Deep Generative Models

I was looking more into ML models and came across these slides on deep generative models. My impression is that some members here may not be aware of the difference in the latest DNN compared with the early CNN. Even though this is from 2017 we can see how much broader DNN has become.

If anyone knows of a more recent and/or better presentation on deep generative models then please let us all know.


I’ve been doing a lot with GANs for my job, so I can definitely vouch for their impressive capabilities. I’ll see if I can find some more recent presentations to post here.

This one hits on a wide range of topics, as a summary from one observer’s perspective of the 2021 Deep Learning 2.0 Summit, and it has links to a lot of references. (more broadly about deep learning, not only generative networks)
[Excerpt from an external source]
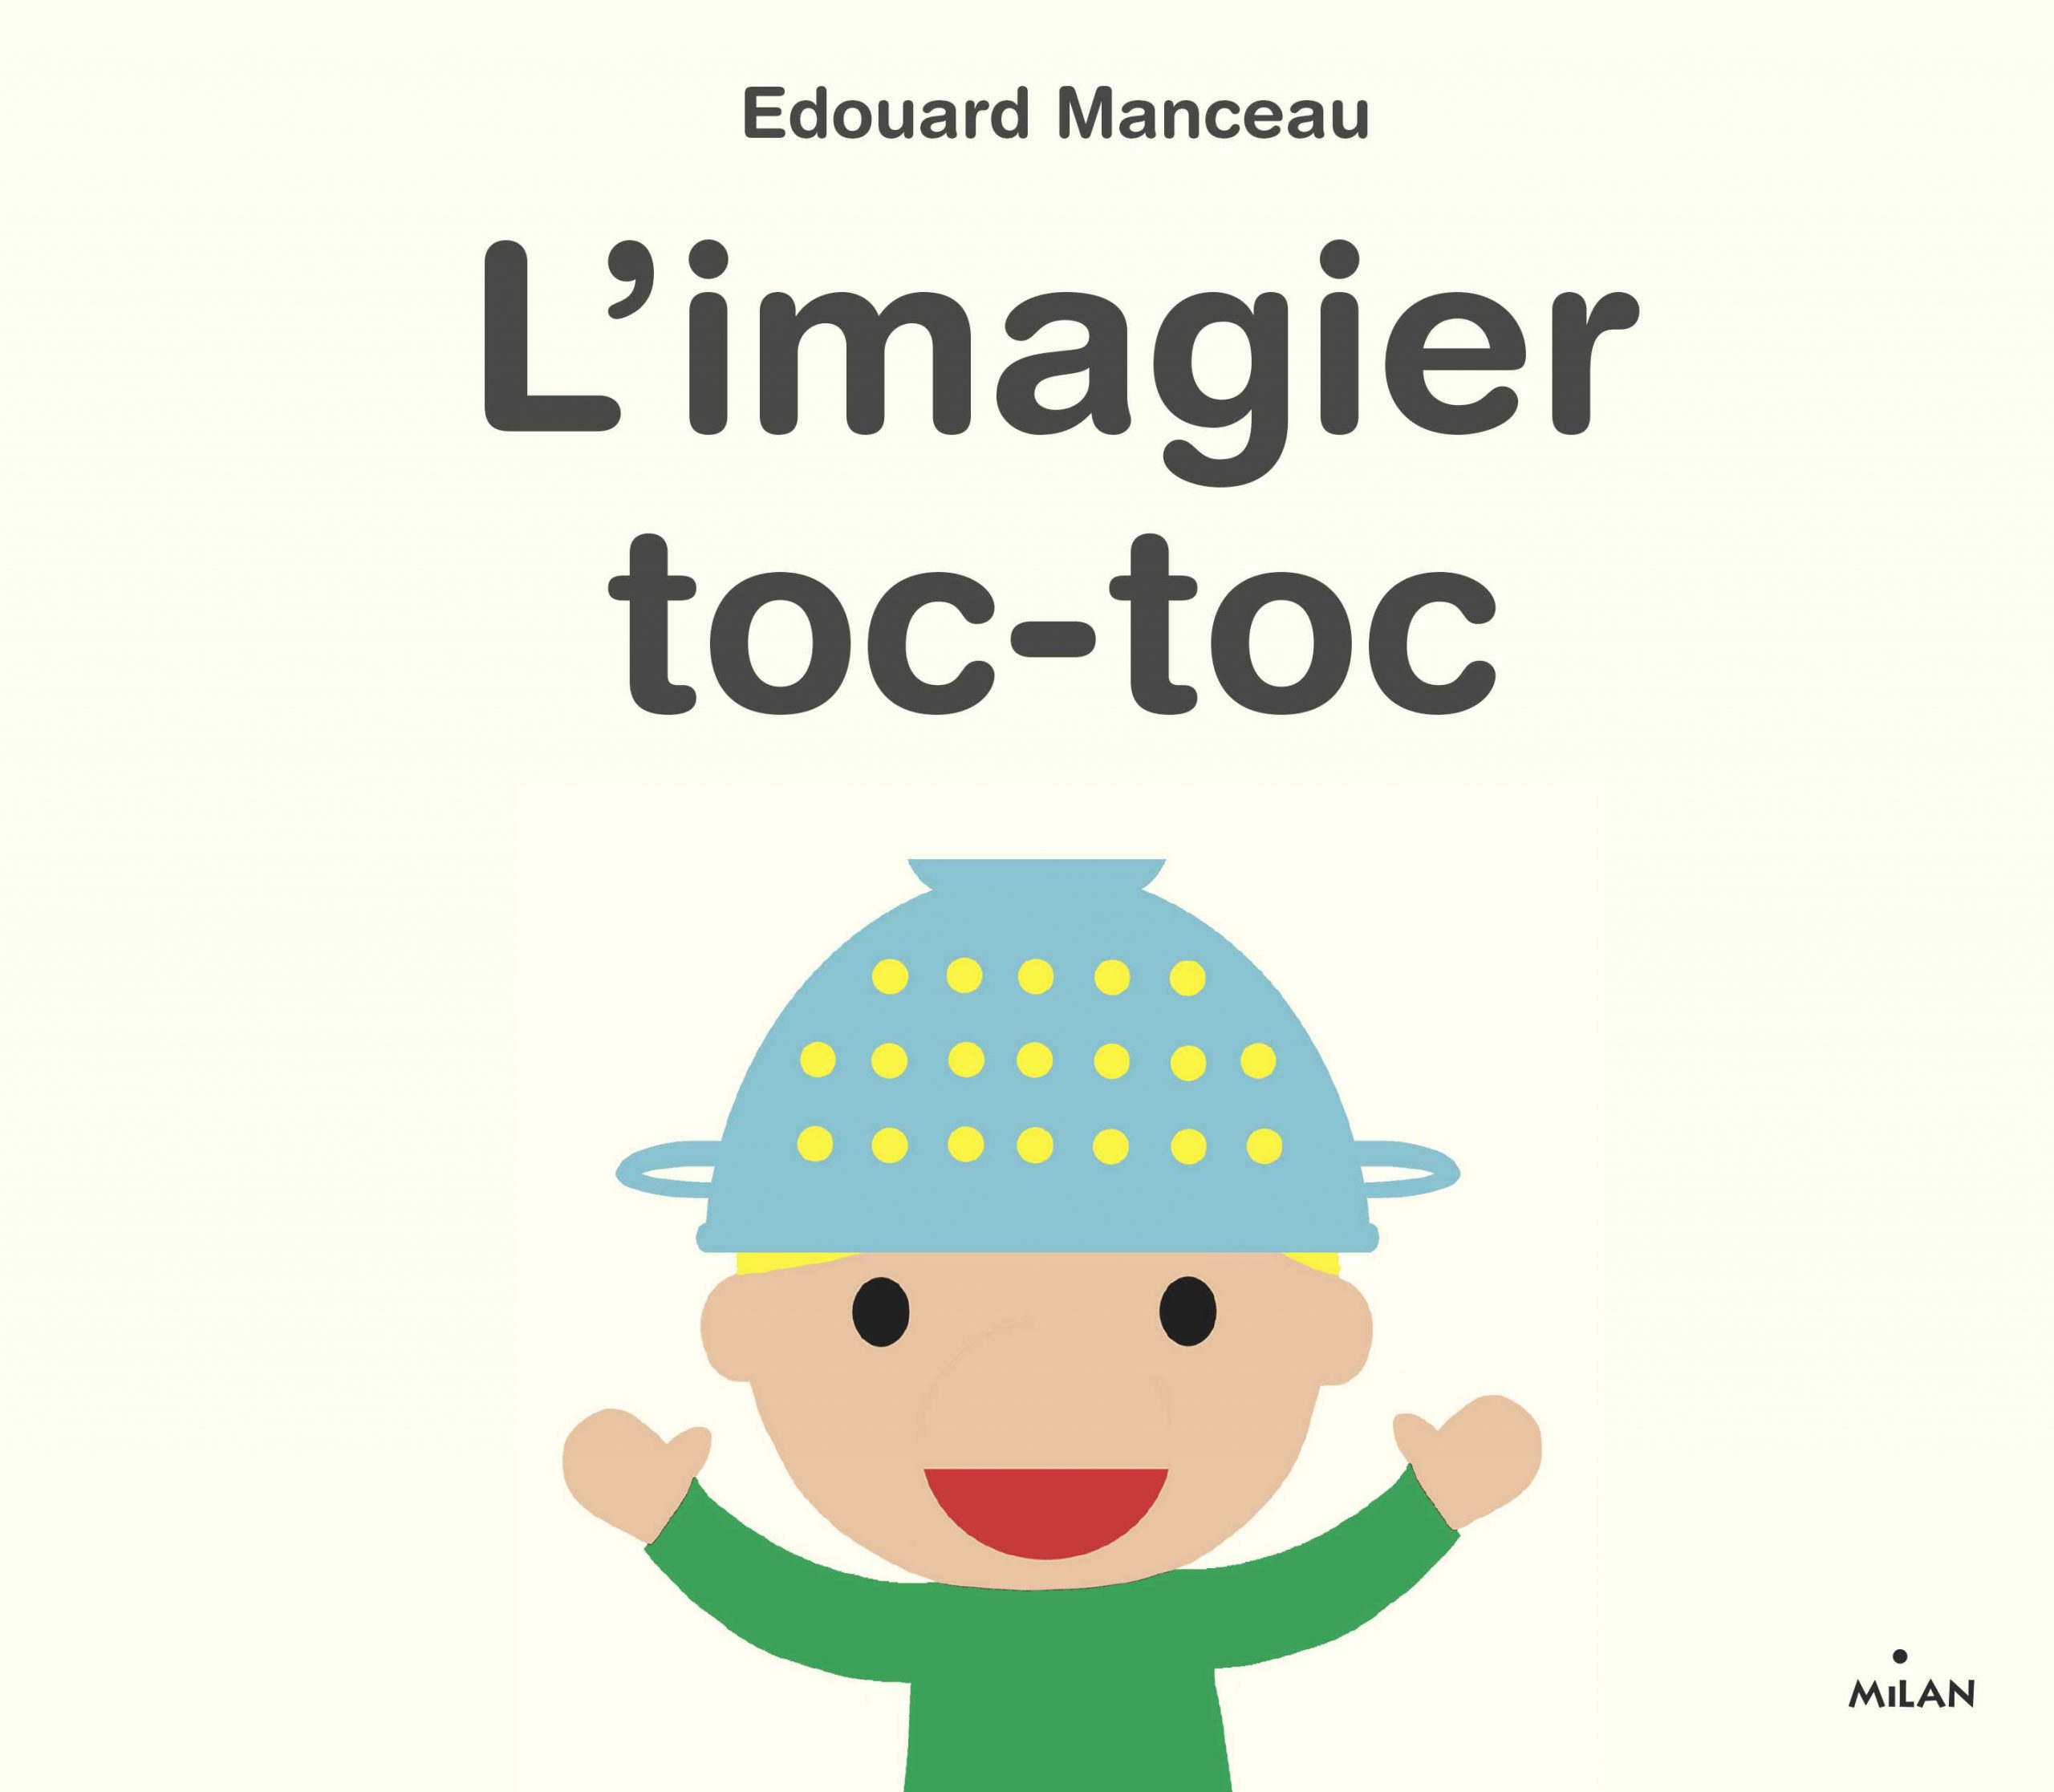 Couverture de L'Imagier toc-toc d'Edouard Manceau, un livre décalé qui fera rire petits et grands.

This here is a relatively recent use-case that is one of the more impressive examples (IMO). Basically lets you just make up photo-realistic images of people who do not exist (not a presentation, just demonstrating how impressive generative models can be)

A paper on a more complex generative model for multi-agent behavior (also not a presentation, but again demonstrating impressive capabilities)

*(so far these are not exactly what the OP is asking for, but supporting the point that the latest in deep learning is way more capable than early CNN)

1 Like

(This is not exactly about a presentation but an interesting movement in deep learning regarding generative models):
Implicit neural representations is the new thing that’s getting a lot of acceleration as well.
Maybe they’re not deep generative models in a sense that they don’t interpolate between data points from different objects(or scenes) in the latent space to generate novel samples but they do have some remarkable rendering capabilities.
There are deep learning models that get coordinates in the physical space as input and renders 2D or 3D scnes by forming continuous representation of that physical space.
NeRF for example gets positions and view directions a long a ray to render a 3D scene pixel by pixel and it’s known that with less memory requirement than the actual images for training combined, successfully renders a 3D scene with a continuous representation by training from 2D images from different views regardless of if they’re synthetic or real.
After the rapid research around this model, now NeRF is not just a single model, rather it’s a new paradigm for rendering 3D or 4D(3D + time) scenes.
By the way, the presentation on the original NeRF model is here:

1 Like

One of the most powerful features of these generative models is in data augmentation IMO. it provides a great way to harness unlabelled image data (which is plenty) and use it to increase the accuracy of supervised models.

Just one of the things I am doing is to have GAN’s trained on unlabelled data to further increase unlabelled data to be used in self-training of a supervised model. I expect an accuracy boost of about 3-4% in respect to the results obtained by researchers. it shows how useful they can be in real world tasks, as well as their importance in almost all fields of DL.


(Yet another paradigm, not exactly about a presentation. Thanks for posting this amazing idea of discussing deep generative models, BTW!)

An interesting fact popped up in my head.

There’s something called VQ-VAE(Vector Quantised-Variational AutoEncoder).
Their key idea is to have some sort of code-book and only use the vectors present in it for the latent representation.
To this end, the algorithm picks the closest vector in the code-book from the original encoded vector.
(by argmin… Do you see the resemblance to k-winner-take-all? :thinking:)

I was thinking about it and I couldn’t help but feel something very familiar… then it struck me:
This vector quantization concept is very analogous to the SDR representation except it’s for deep learning.

They have some very similar properties as a consequence:

  • VQ only allows combinations of the code-book vectors. → SDR only allows specific combinations of sparsely active mini-columns.
    • Which forces it to define very limited (but robust) manifold compared to the original (N-D or N-bit) space.
  • Both representations make the inputs to be almost always transformed to settle to a point on the said manifolds which makes them really robust.
  • With the well-defined mainfolds, it’s very efficient to learn something useful really fast.
    • TM can even do few-shot learning!
    • VQ enables fast convergence.
  • The list goes on…

Another interesting fact:
VQ suffers from different code-book vectors representing almost the same thing and having dead vectors meaning they hardly get used.
And this is extremely similar to what SP suffers from as well!
SP alleviates this problem by boosting and the DL community has come up with something to resolve this as well.
Maybe boosting would also work for VQ as well? :thinking:

I want to hear what the HTM community has to say! :smiley:


VQ is very similar to the Sparse and Redundant Representation algorithms that I have been learning about (MOD, K-SVD). The redundant code-words (atoms, filters) in the code-book are a feature, not a bug. They allow you to capture a wide variety of potential inputs using a linear combination of a very small number of code-words.

While there are ways to minimize the size of the code-book by increasing the distance between code-words (removing redundant filters), you do so at the expense of potentially needing to use additional code-words to accurately capture some of the more subtle perturbations (residuals) from the mean representations in the code-book. In essence you need to generate additional code-words (basis functions) to encode the space around the primary filters.

My demo of the Orthogonal Matching Pursuit algorithm is an initial step towards trying to figure out how to incorporate these encoding schemes into a Temporal Memory implementation.